* [Provided material]:
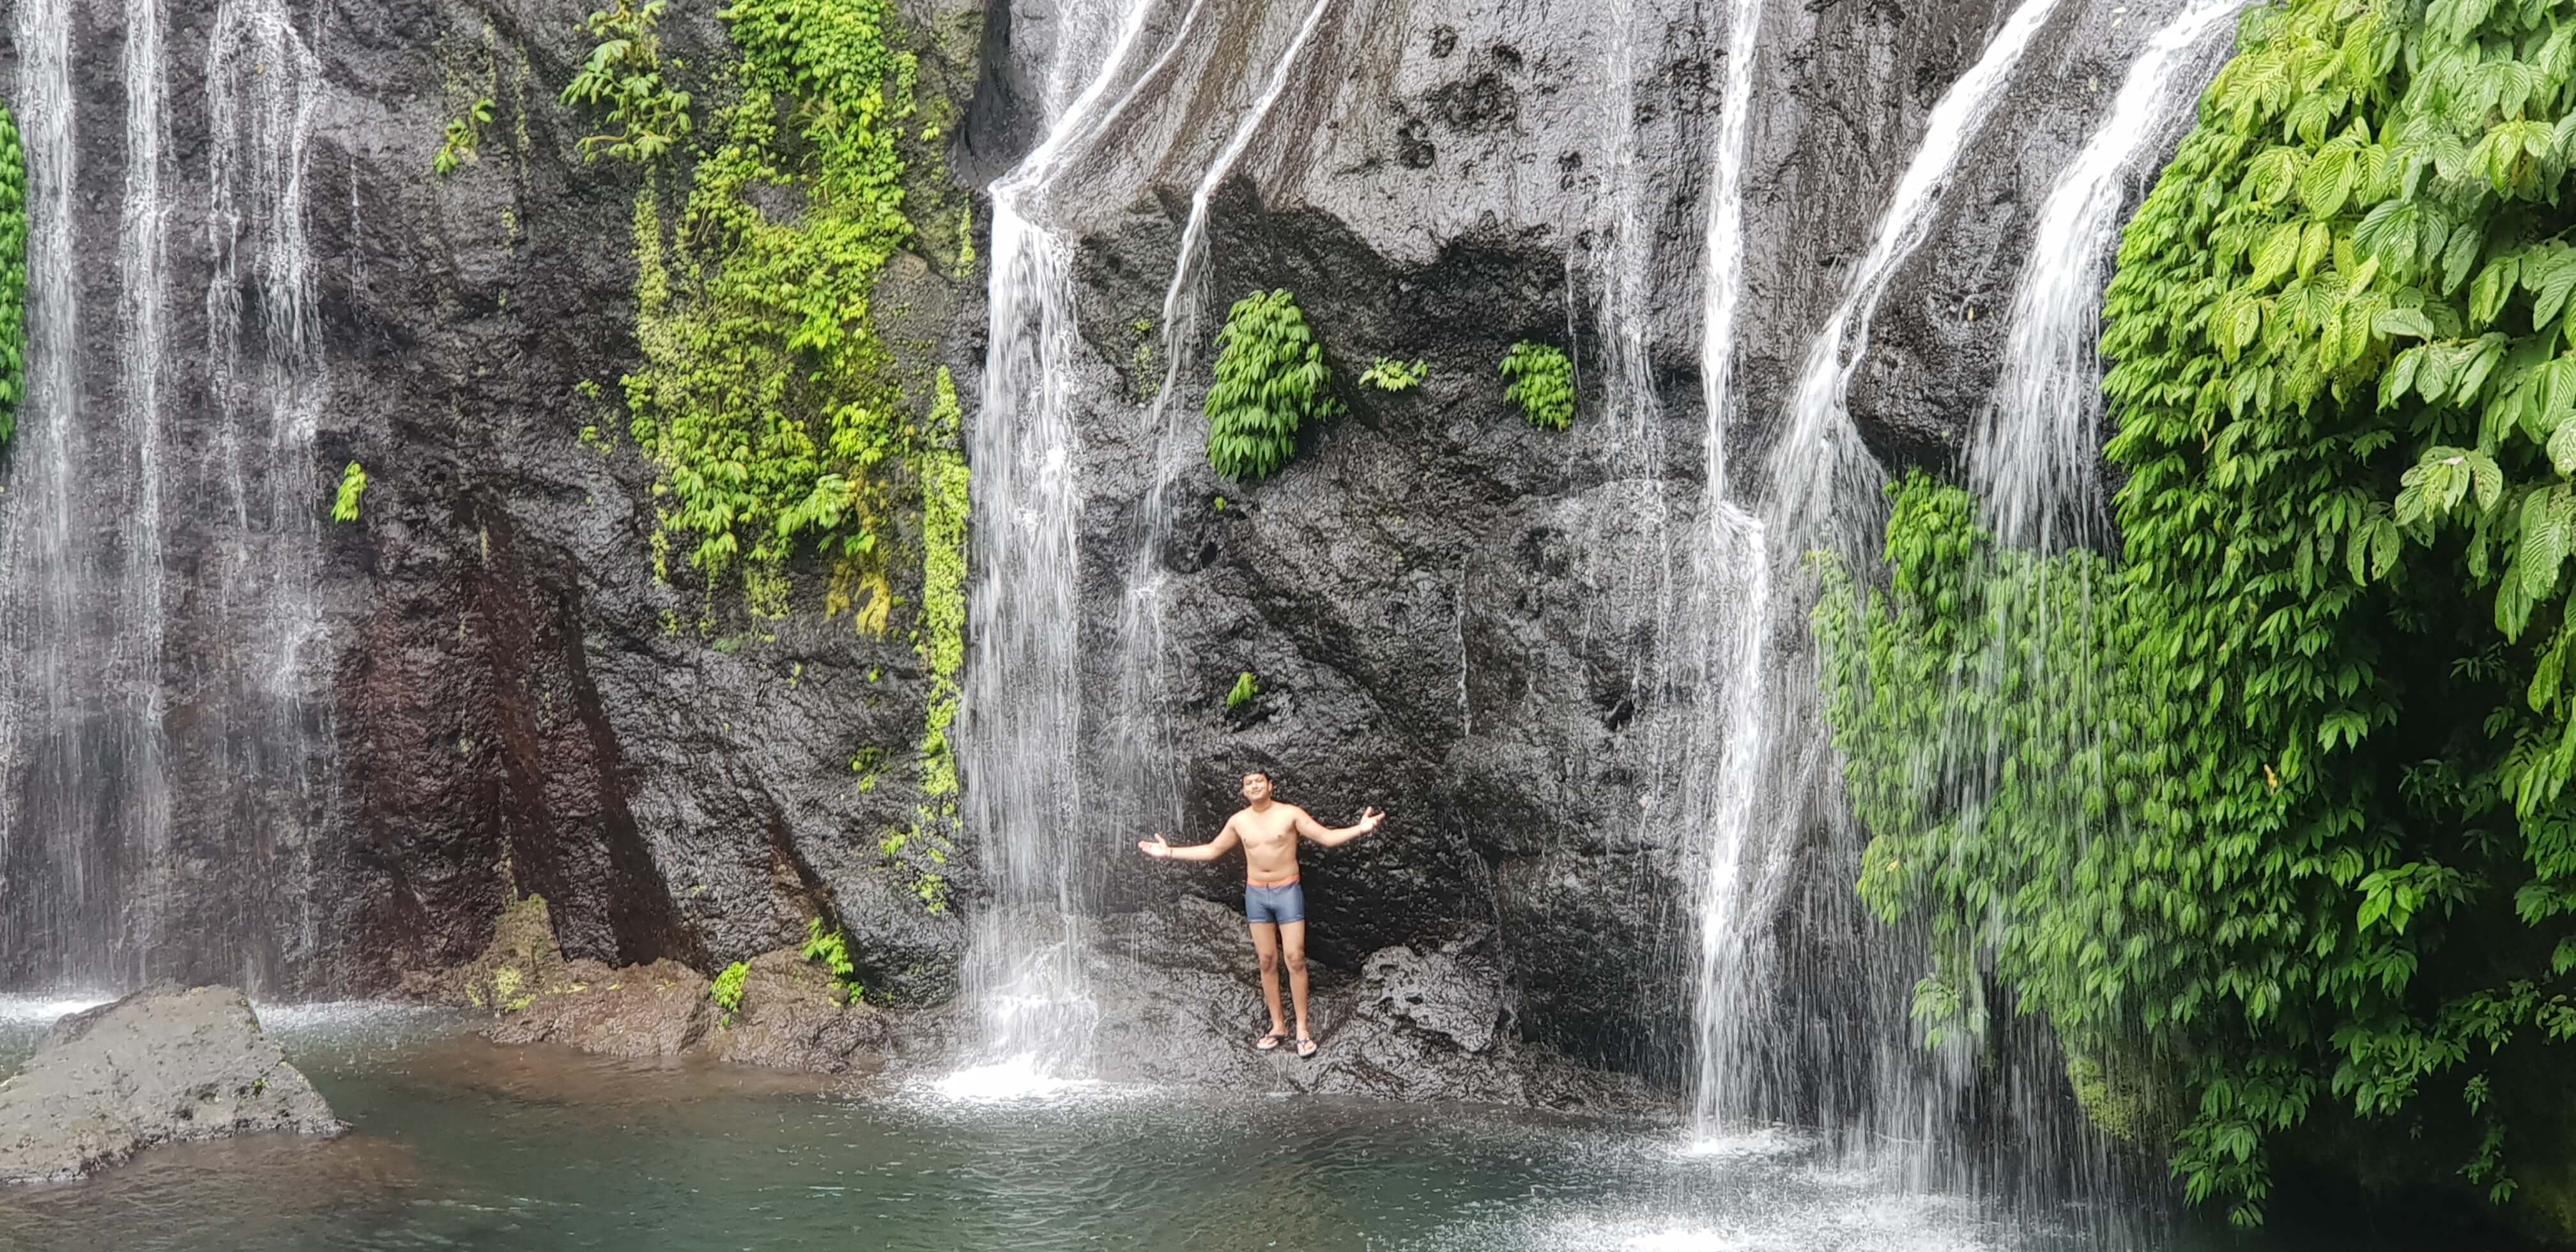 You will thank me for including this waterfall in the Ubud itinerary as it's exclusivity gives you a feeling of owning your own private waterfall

---

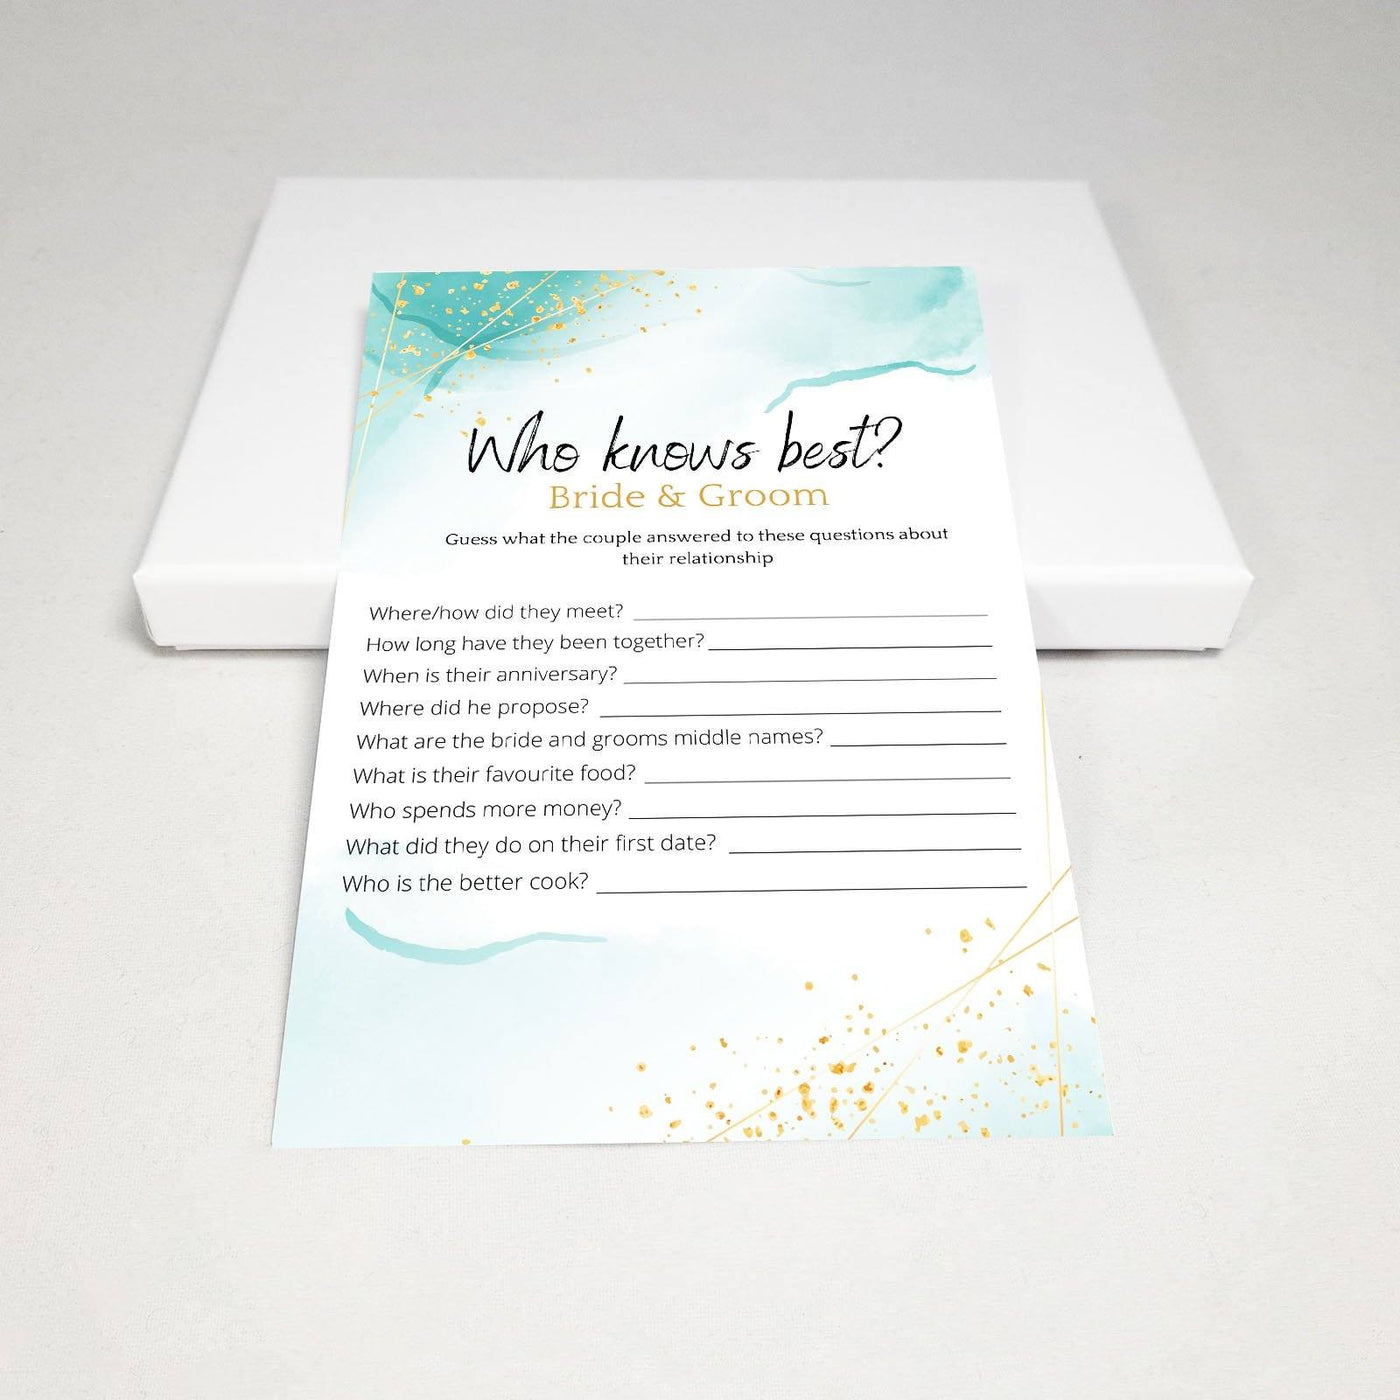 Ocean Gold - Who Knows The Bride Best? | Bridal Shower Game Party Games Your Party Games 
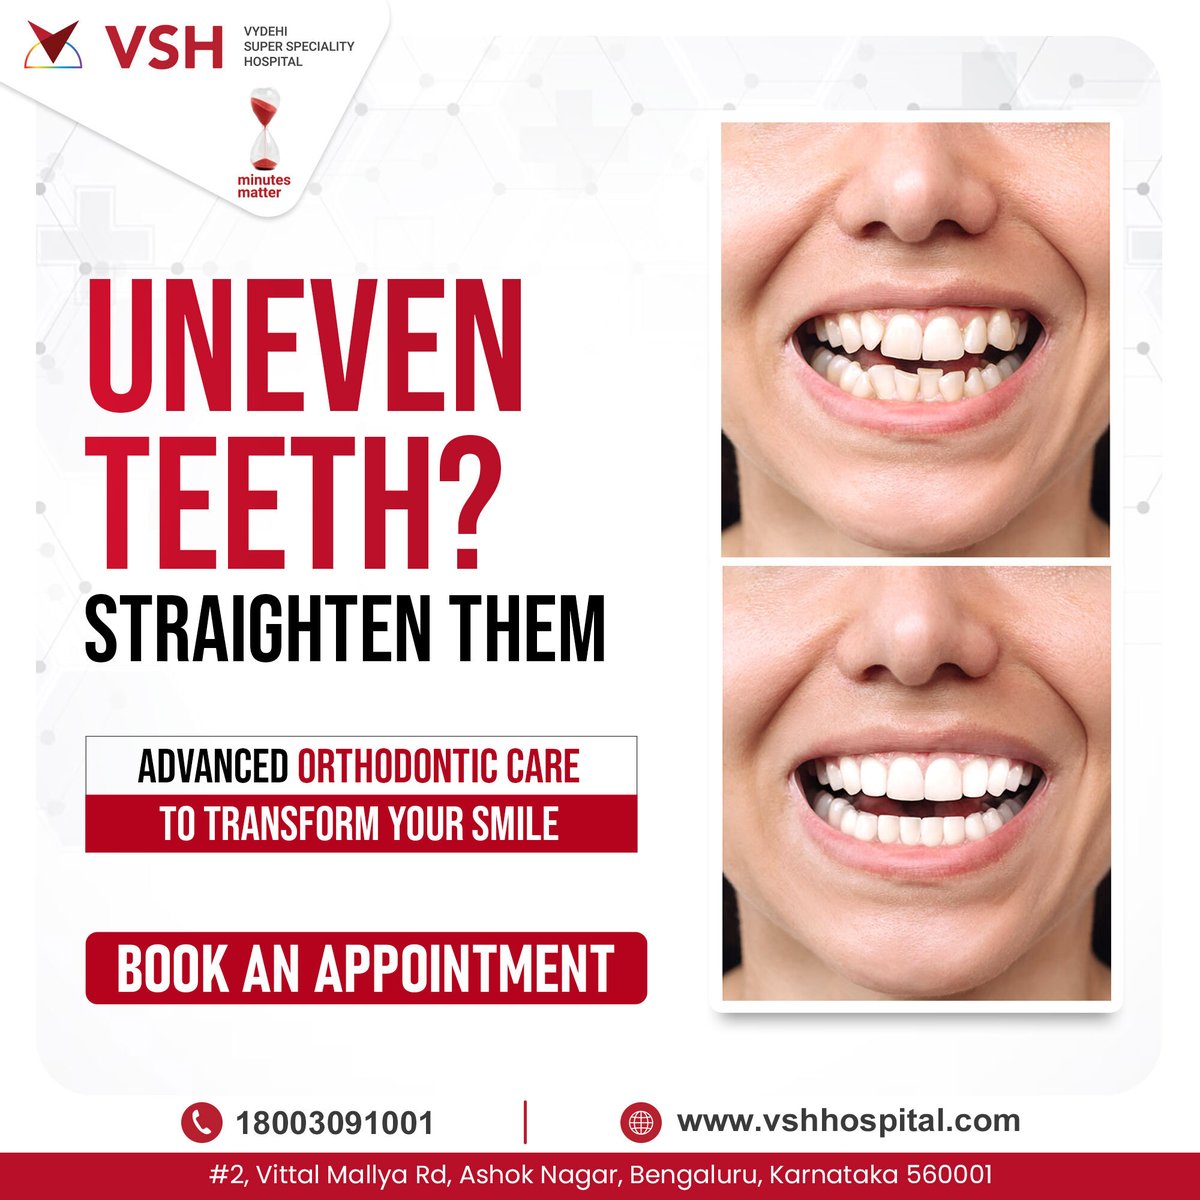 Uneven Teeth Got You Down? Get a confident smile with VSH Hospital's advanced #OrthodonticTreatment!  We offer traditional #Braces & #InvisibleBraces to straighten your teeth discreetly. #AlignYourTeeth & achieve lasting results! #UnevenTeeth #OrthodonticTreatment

* [Goal of the exercise]:
In the listing above, find the line containing "Ocean Gold - Who" and the line containing "Uneven Teeth Got", then output those two lines and everything between them exactly as written, without the images.

* [Finished exercise]:
 Ocean Gold - Who Knows The Bride Best? | Bridal Shower Game Party Games Your Party Games 
 Uneven Teeth Got You Down? Get a confident smile with VSH Hospital's advanced #OrthodonticTreatment!  We offer traditional #Braces & #InvisibleBraces to straighten your teeth discreetly. #AlignYourTeeth & achieve lasting results! #UnevenTeeth #OrthodonticTreatment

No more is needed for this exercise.